Coca-Cola accused of using tobacco industry tactics to mislead public over health effects of its fizzy drinks
Coca-Cola has been accused of using tactics similar to the tobacco industry in minimising the damaging health effects of its fizzy drinks and deceiving customers, The Independent reports.
The Center for Science in the Public Interest and the Praxis Project accused Coca-Cola and the American Beverage Association, of misleading customers, including children, regarding the health risks of consuming sugary drinks such as obesity, cardiovascular disease, and type 2 diabetes.
The lawsuit could potentially shake the soft drinks industry to its core as the company could face marketing restrictions and soda taxes.
Praxis, a non profit group, compared Coca-Cola and ABA's efforts to those of the tobacco industry decades ago.
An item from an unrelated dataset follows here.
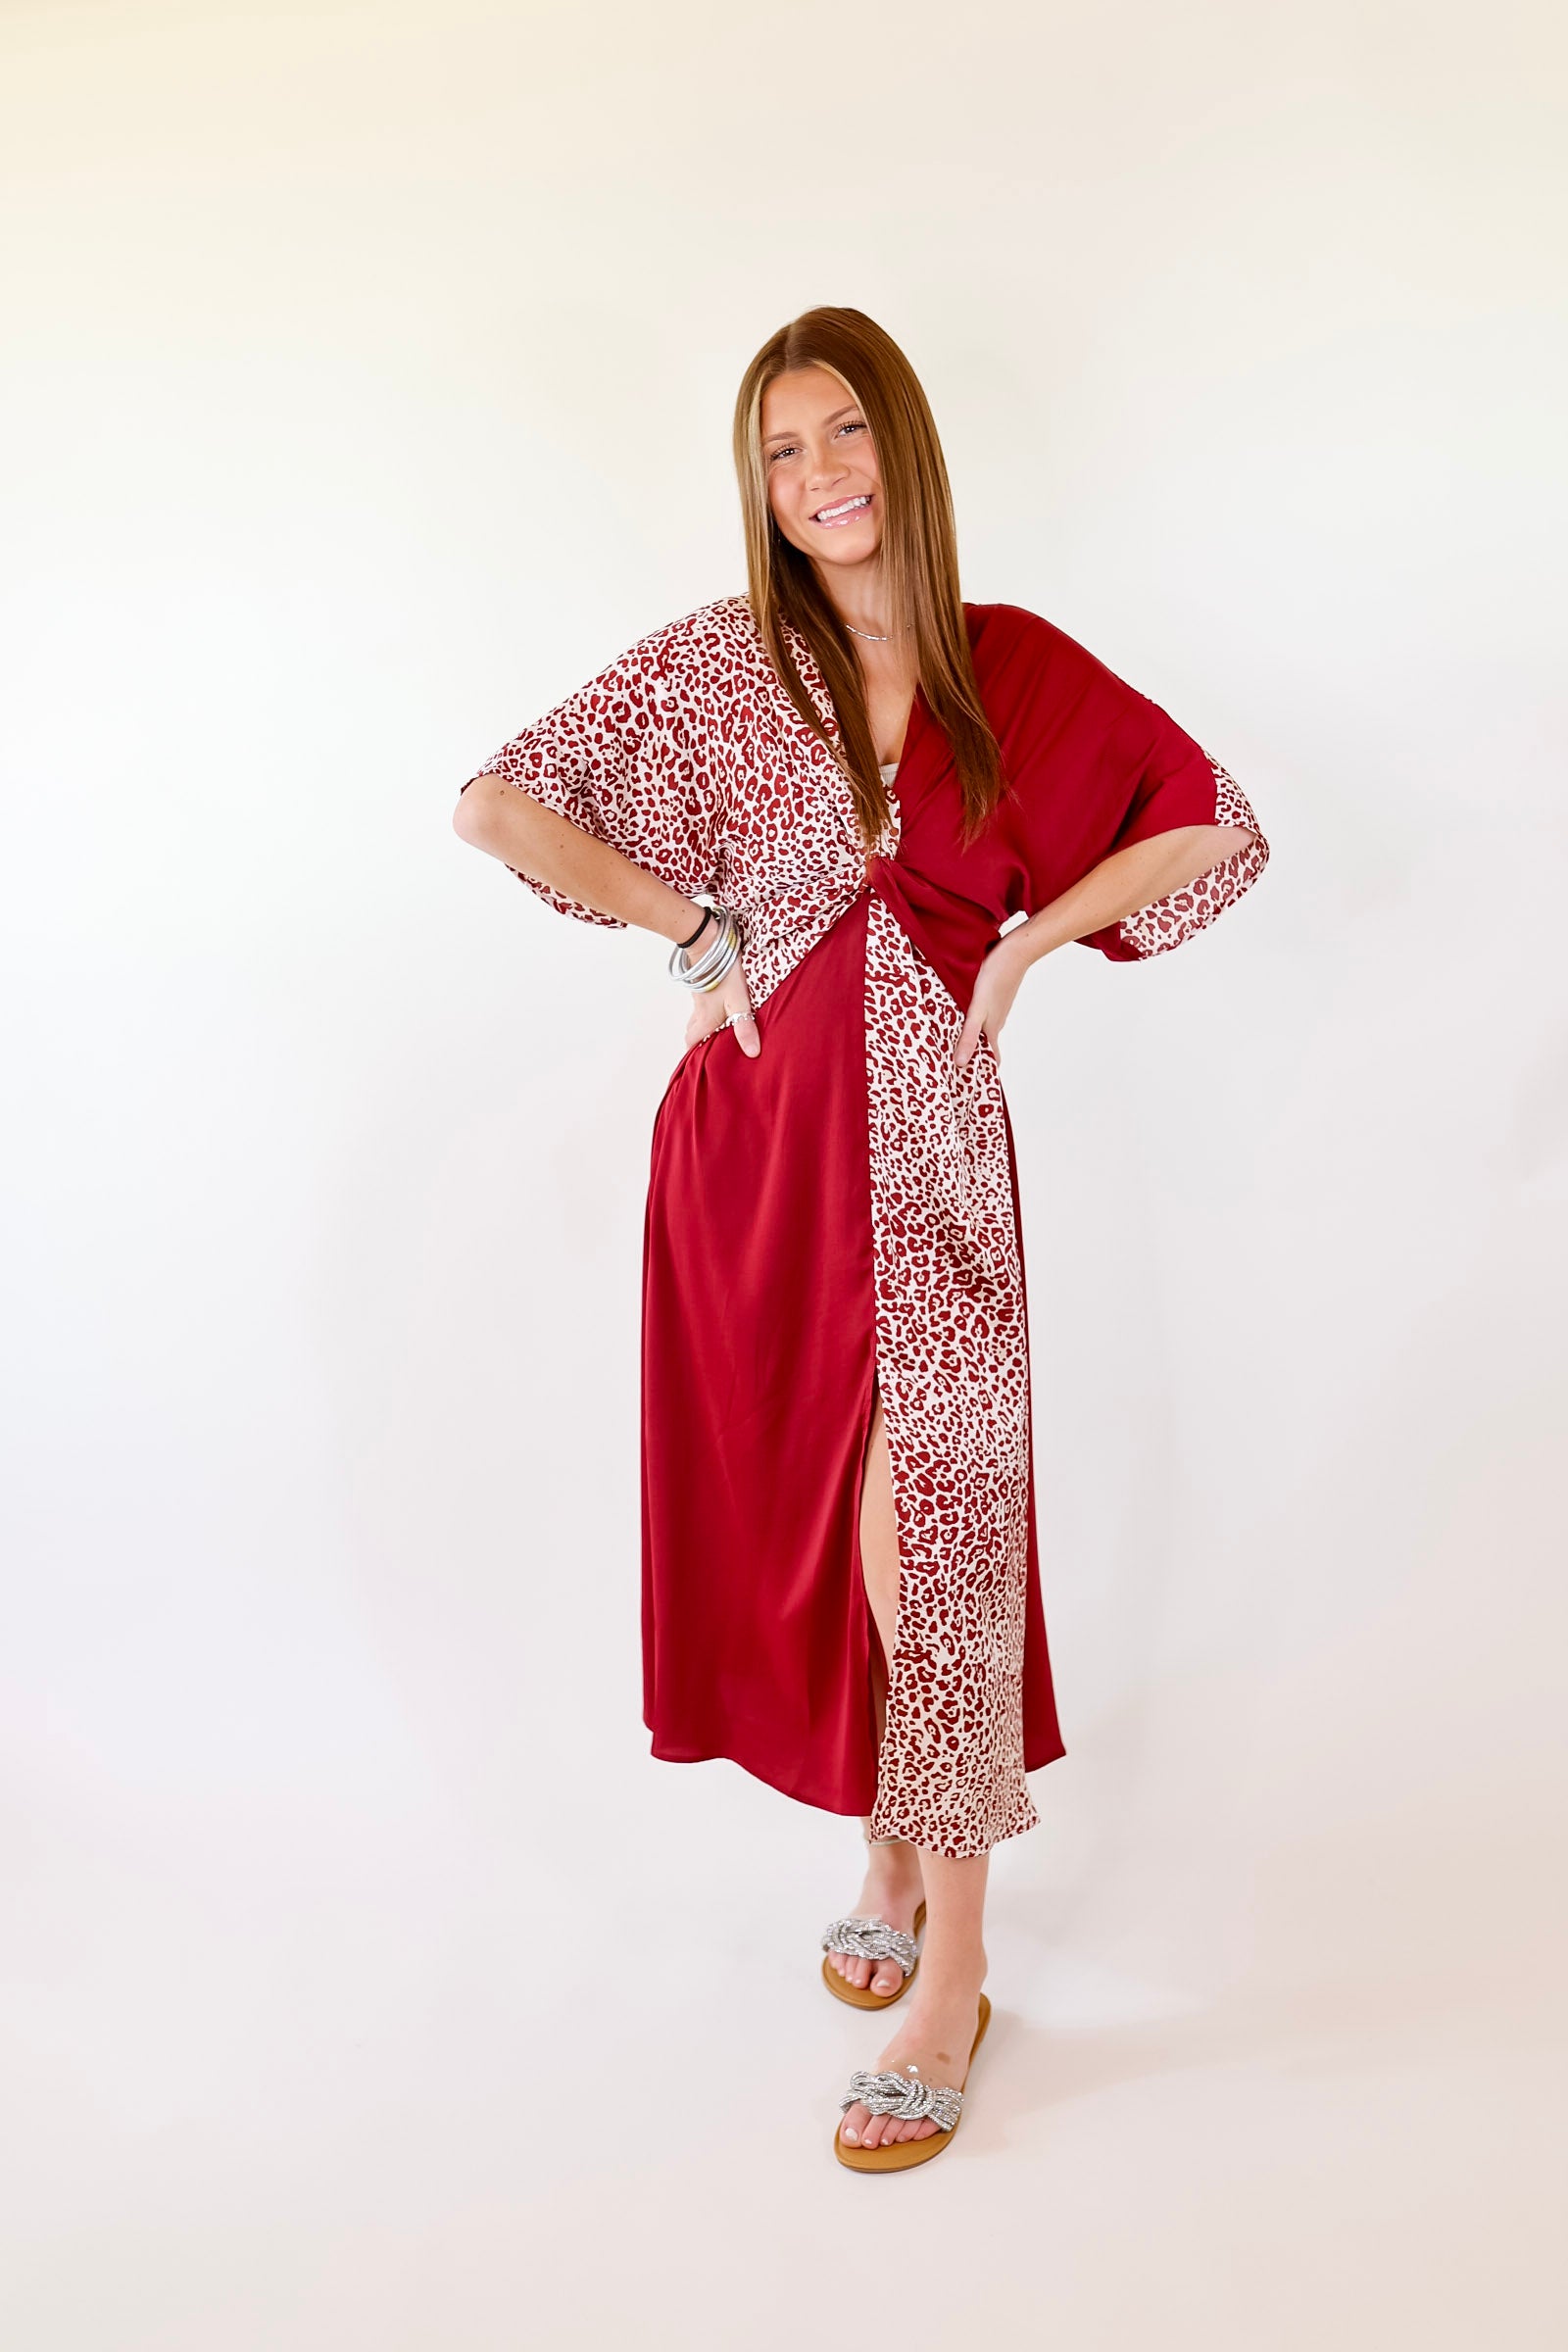 Take My Breath Away Front Knot Leopard Print Block Midi Dress in Maroon - Giddy Up Glamour Boutique

“From the 1950s until the late 1990s, the tobacco industry engaged in an elaborate campaign of disinformation to cast doubt on the science connecting cigarettes to lung cancer and other diseases,” Maia Kats, litigation director for the centre, said in a statement.
“Like the tobacco industry, Coca-Cola needs to replenish the ranks of its customers, and it tries to recruit them young,” Praxis said in its complaint, filed Wednesday in federal court in Oakland, California.
Praxis accused both defendants of using euphemisms such as "balance" and "calories in, calories out" to mislead consumers, and Coca-Cola, the world's largest beverage company, of trying to mislead the public into thinking a lack of exercise was the real cause of obesity.
The American Beverage Association and Coca-Cola acknowledged the lawsuit.
Kent Landers, a spokesman for Coca-Cola called the lawsuit "legally and factually meritless.”
He said: “We take our consumers and their health very seriously and have been on a journey to become a more credible and helpful partner in helping consumers manage their sugar consumption."
The American Beverage Association called the lawsuit's accusations "unfounded."